The present invention relates to an exposure method for transferring an image of a pattern formed in a mask onto a photosensitive substrate through a projection optical system.
As an exposure apparatus for transferring an image of a pattern formed in a mask onto a photosensitive substrate, various types of apparatus have been developed. For example, as a projection exposure apparatus for production of a liquid crystal display (LCD), many step-and-repeat type apparatus (hereinafter, referred to as "stepper") are being used. In such a stepper, after a predetermined area of a substrate is exposed to a pattern of an LCD formed in a mask, a stage on which the substrate is placed is shifted a predetermined distance in a stepping manner to perform exposure of another area of the substrate. Such an operation is repeatedly performed on the entire area on the substrate to complete exposure of the entire substrate. Normally in this stepper, an LCD pattern is formed by a picture composition method. That is, four exposed patterns 100a, 100b, 100c, 100d on a substrate are combined, as indicated in FIG. 13, thereby forming a single LCD pattern on the substrate. Each of the patterns 100a, 100b, 100c, 100d corresponds to a different mask. That is, the patterns 100a, 100b, 100c, 100d are sequentially formed by exposure while one of the four masks is sequentially replaced by another mask. The four patterns are then combined into an LCD.
In exposure using such a picture composition method, a positional deviation of a transferred pattern 112 may sometimes occur as indicated in FIGS. 14(a)-(c). In the drawings, dotted lines indicate a desired transfer position, and solid lines indicate transferred positions that have errors. As positional deviations at the time of pattern transfer, there are: (a) a positional deviation wherein a transferred pattern 112 has a shift error; (b) a positional deviation wherein a transferred pattern 112 has a rotational error; and (c) a positional deviation wherein a transferred pattern 112 has a magnification error. Since an LCD is formed normally by superimposing about seven to eight layers on a glass substrate, an error as mentioned above can be a cause for an overlay deviation between layers. In a TFT (thin film transistor) LCD, a positional deviation at a stitching 110 (see FIG. 13) or an overlay deviation between layers degrades characteristics of transistors and causes defects such as color irregularity or the like. As factors that cause errors as indicated in FIGS. 14(a)-(c), optical aberrations, such as distortion, in the projection optical system, mask alignment errors, mask patterning errors, and the like can be considered.

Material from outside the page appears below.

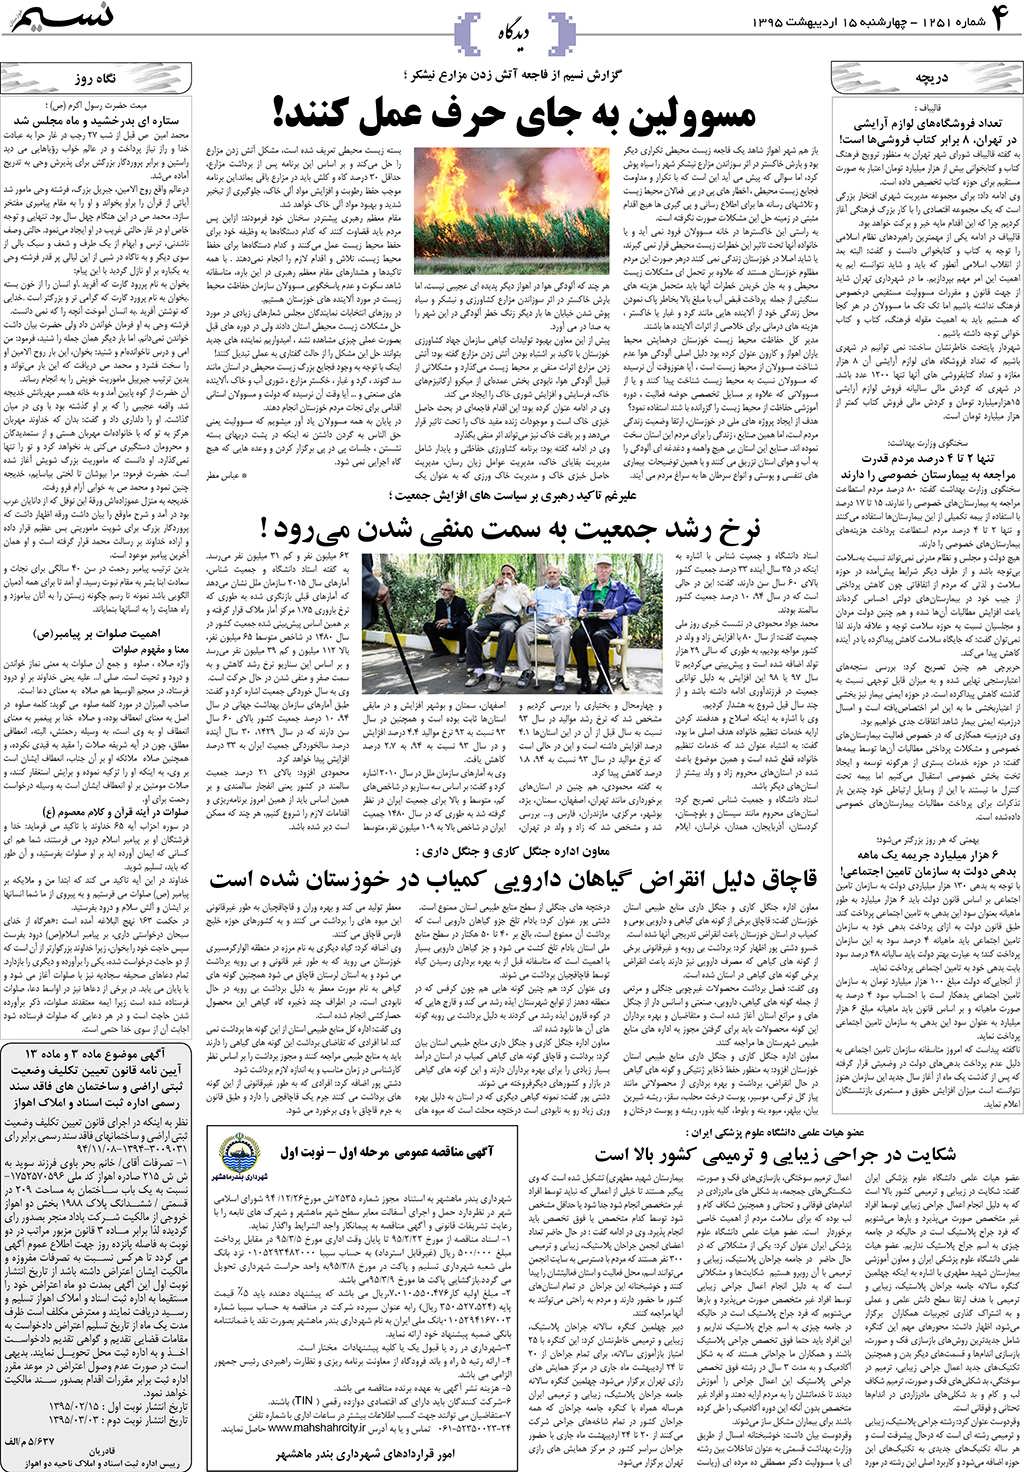 صفحه دیدگاه روزنامه نسیم شماره 1251

Several methods for solving these problems have now been proposed. For example, as shown in FIG. 15, a plurality of coordinate measurement marks (126a, 126b, 126c, 126d, 126e, 126f, 126g, 126h) are arranged around an LCD pattern 122 within an effective exposure area 124 on a mask 120, and coordinates of the images transferred from the coordinate measurement marks (126a-126h) onto a substrate through a projection optical system are measured using a predetermined position detection device provided in the apparatus. From the amount of deviation between measured values and desired values of coordinates where these marks (126a-126h) are transferred, a correction value (a mask shift, a mask rotation, a magnification) that minimizes the amount of deviation is calculated by means of, for example, least square approximation or the like. After that, using the thus-calculated correction value, the mask 120 is precisely aligned, and then exposure is performed. Such a method can optimize a positional deviation of transfer caused by a patterning error of the mask 120 and an optical aberration of the projection optical system, and can reduce the positional deviation at stitchings and the overlay deviation between layers.

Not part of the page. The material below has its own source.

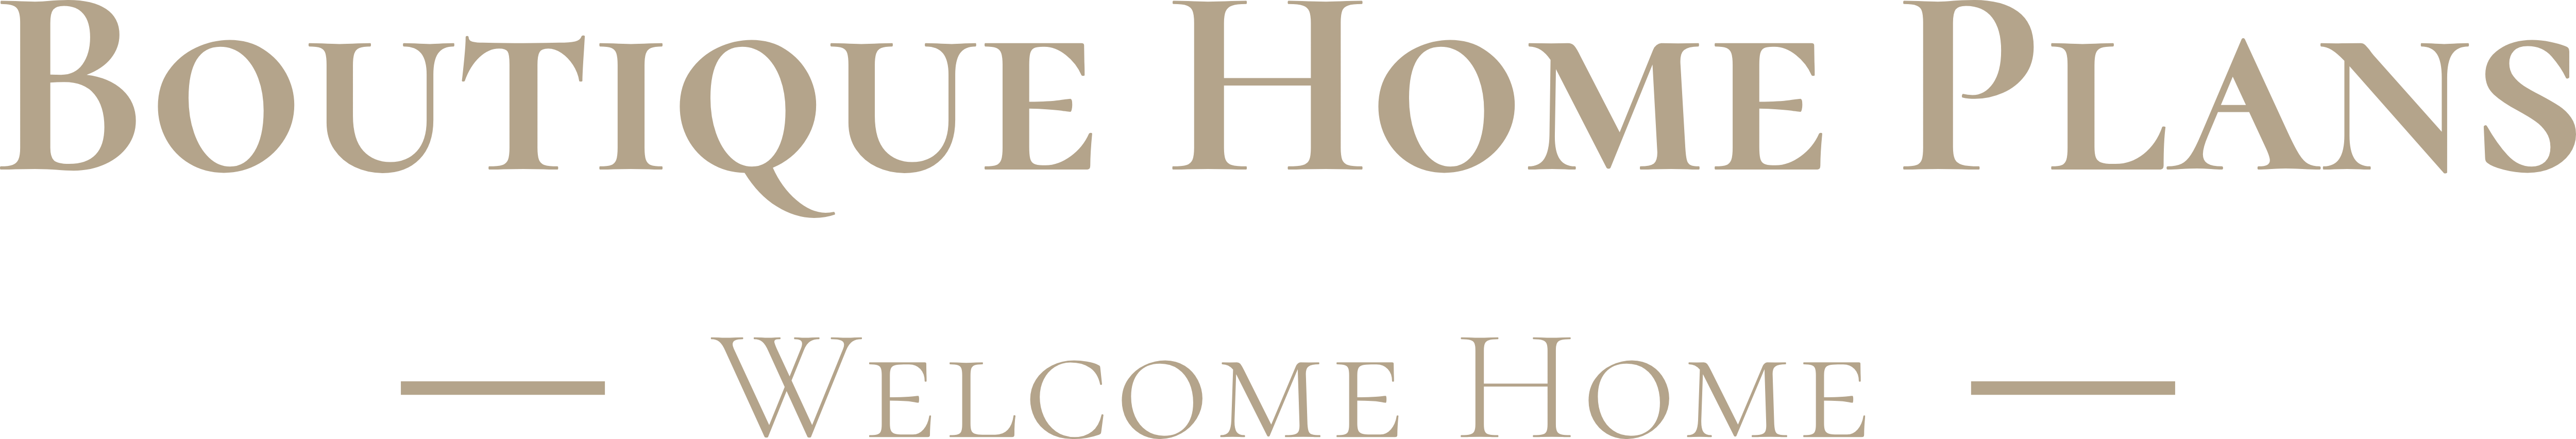 Boutique Home Plans Logo

In the conventional methods as described above, however, there is a possibility that when coordinates, on a substrate, of the images of the coordinate measurement marks (126a-126h) in the mask 120 are detected by a position detection device, a deviation may occur between a detected coordinate and the actual transferred position on the substrate. This problem becomes serious especially in a case where images of reference marks provided on a stage, at substantially the same height as a substrate surface, are reversely projected onto a mask through a projection optical system, and coordinates at which the reference mark images superimpose on the coordinate measurement marks (126a-126h) are measured by a predetermined sensor, which coordinates are determined as positions at which the coordinate measurement marks (126a-126h) are transferred onto the substrate. More specifically, variations in optical aberrations, such as curvature of image field and the like, due to variations in the projecting direction in the projection optical system, cause deviations between imaginary transfer positions determined by the above-described method and the actual transferred positions on the substrate. Therefore, an error becomes included in a correction value that is calculated from a difference between a measured value of mask position provided by the position detection device and a desired value of position where an image is transferred, thereby making it impossible to properly correct the mask position, the magnification of the projection optical system, or the like, at the time of exposure. As a result, the positional deviation at stitchings of the exposed LCD screens or the overlay deviation between layers is not improved, and may be degraded.